Privacy Data Protection Policy

(1) INTRODUCTION

This privacy policy (“Policy”) sets out how ALS Private Limited, a company registered in England and Wales (Company Number: 08736039), whose registered office is at Lawford House, Albert Place, London, England, N3 1QA (“ALS”, “we”, “us” or “our”), collects, uses, and protects your personal data.

We are committed to protecting and respecting your privacy, and complying with all relevant data protection legislation, including the: (i) UK General Data Protection Regulation (“UK GDPR”); (ii) UK Data Protection Act 2018 (“DPA”); (iii) Privacy and Electronic Communications (EC Directive) Regulations 2003 (“PECR”); and (iv) General Data Protection Regulation (EU) 2016/679 (“EU GDPR”), as amended or updated from time to time (together “Data Protection Legislation”). 

This Policy gives you information about how we collect and use your personal data when you use our website at ("Website") including when you: (i) contact us via our online enquiry form; (ii) subscribe to our newsletters; (iii) communicate with us by phone, email, or in writing; or (iv) provide information through any other means, whether online or offline.

This Website is not intended for children and we do not knowingly collect data relating to children.

This Policy is provided in a layered format so you can click through to the specific areas set out above. Alternatively, you can download a copy of the policy here: [LINK TO PDF].

If we make any material changes to this Policy that affect your rights under the Data Protection Legislation, we will notify you pursuant to paragraph 11 of this Policy.

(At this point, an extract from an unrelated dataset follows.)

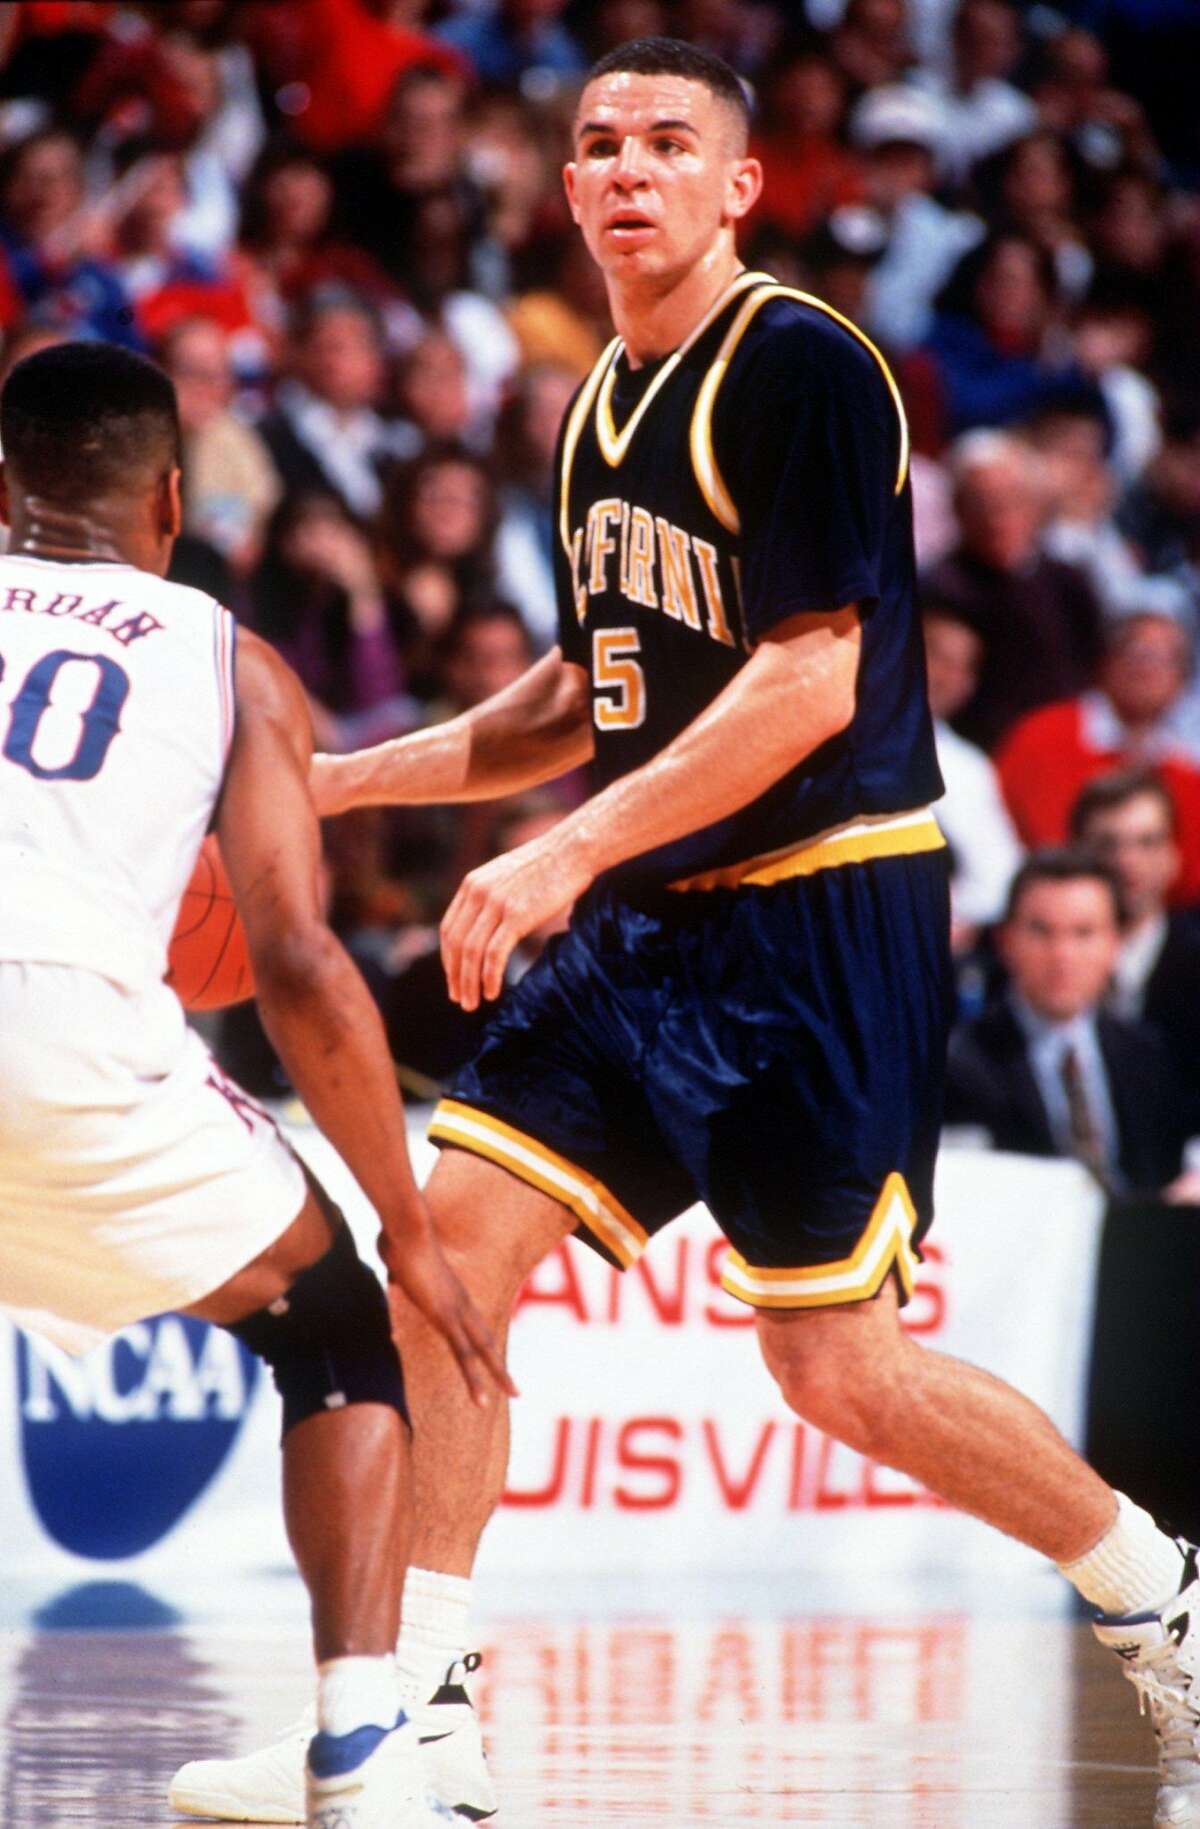 MAR 1993: CAL POINT GUARD JASON KIDD SCANS THE COURT DURING A THE GOLDEN BEARS GAME VERSUS THE KANSAS JAYHAWKS, IN THE 1993 NCAA TOURNAMENT. Mandatory Credit: Allsport/ALLSPORT

ALS is the data controller (“Controller”) responsible for your personal data. If you have any questions about this Policy, including any requests to exercise your legal rights outlined in this Policy, please contact us and ask for our Data Protection Officer using the information set out in the contact details section below at paragraph 13 of this Policy.

‍

(2) THE INFORMATION WE COLLECT

(“Personal Data”) means any information relating to an identified or identifiable individual. This includes information that can directly or indirectly identify you.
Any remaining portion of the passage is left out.